I've been addicted to a Japanese TV program that invites pop stars to make their dreams about food come true. In the Year of the Rooster, 2005, the programmers asked primary school students to vote for their top-10 birds. The host then had to live in a wooden box beneath the branches where the birds would perch. Every day for 10 days, he had to think of a different way to cook the eggs.
First it was chicken, then duck, followed by guinea hen. On the fourth day a pelican chased and pecked the host. The next day he had to tackle the fabled swan egg.
On the sixth day a chef came to the rescue and helped the host cook up peacock eggs in ways that no ordinary cook could have dreamed of. The exhausted host was moved to tears. Finally the host fried penguin eggs with rice and remarked: "It's good, the taste is rich and the flavor is fragrant the only problem is sleeping at night."

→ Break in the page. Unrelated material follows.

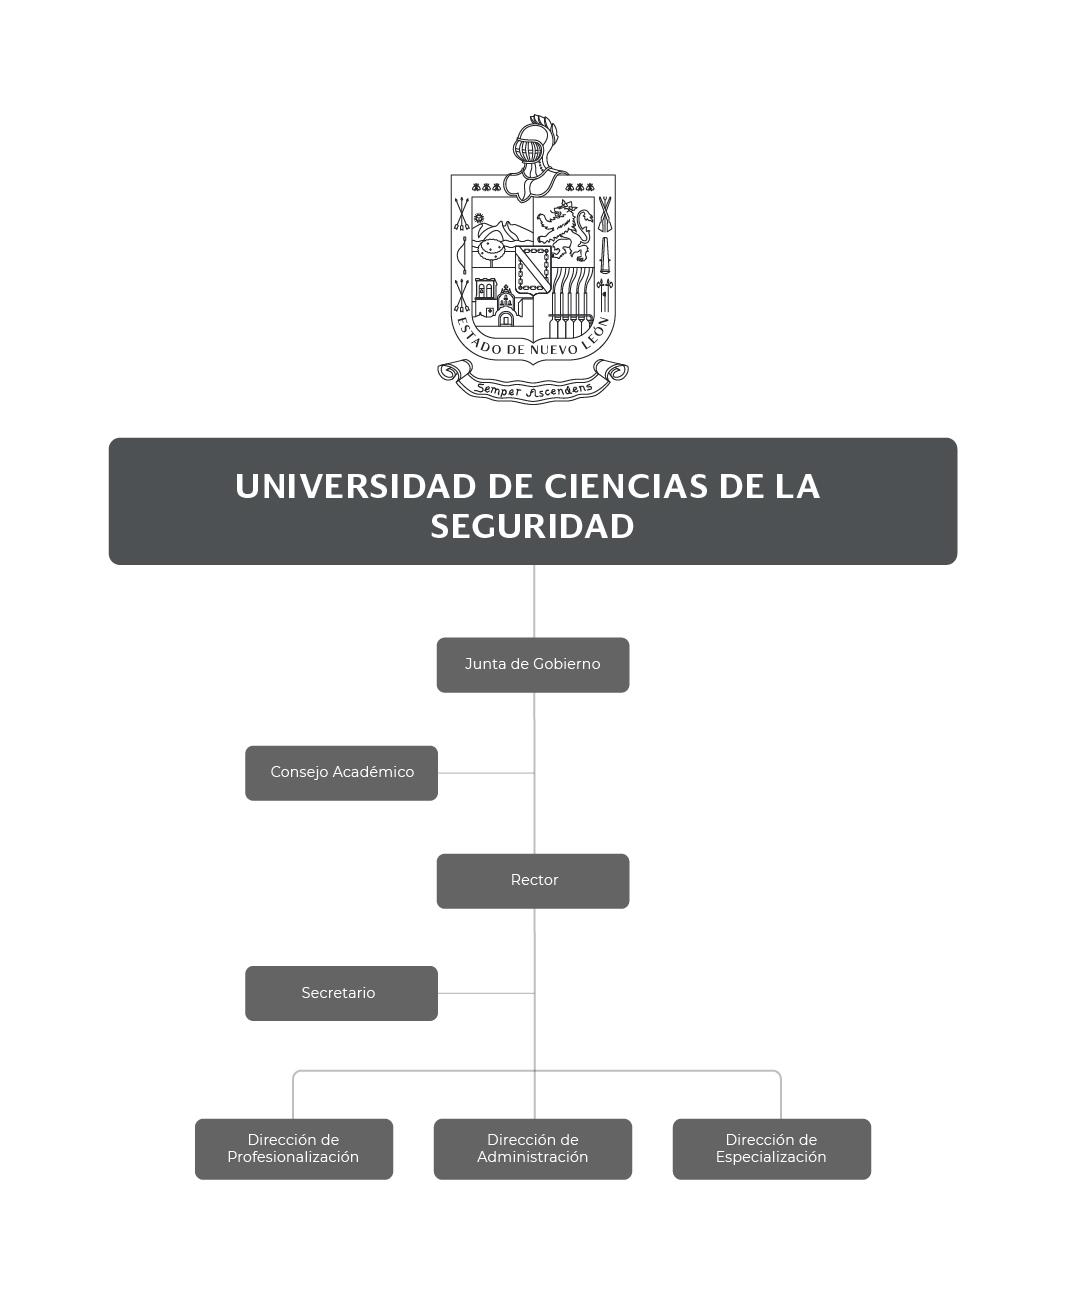 Organigrama de la Universidad de Ciencias de la Seguridad

The host reported that the guinea hen's egg tasted best and was suitable not only for scrambling but also the Japanese egg roll.
Of course, not all the shows test the hosts or guests to such an extreme. There was one edition that invited two pop stars to devour delicacies from the top 60 bakeries in Japan, in three days. They were allowed nothing else, except water.
The young ladies slept in a pastry store and fridges full of food surrounded their beds. From the moment they opened their eyes, the ladies munched on cheesecakes, doughnuts and candies. At first, there were excited cries, but gradually these died down. Only a bitter teacake or a sour apricot would brighten their faces. But for me, the thought of even one bite of these delicacies would make my toes itch.
Every child dreams of stuffing themselves with their favorite food. Yet this show maliciously laughs at the idea, bombarding the taste buds and stomachs of the hosts and guests with great food until they abhor it. Everyone who appears on the program seems to remark: "I never thought eating such tasty food for 24 hours a day could be so difficult!"
One day I turned on the TV to find three meat-loving men invited to finish off a whole cow. It was the most expensive beef and there were more than 140 dishes to be made out of the animal. But the men complained of dizziness before they could finish the 63rd course.
I really couldn't sit there and watch their affected and tired performances, especially in view of so many mouth-watering beef ryoli. But the neighborhood barbecue store wasn't open until later that evening. When it did open, the beef there couldn't possibly compare with the TV version.
As I ground the dried beef stored for five days in my fridge, hatred and remorse rose because I realized the show had caused me to lose my self-respect, by offering irresistible food that it openly denounced.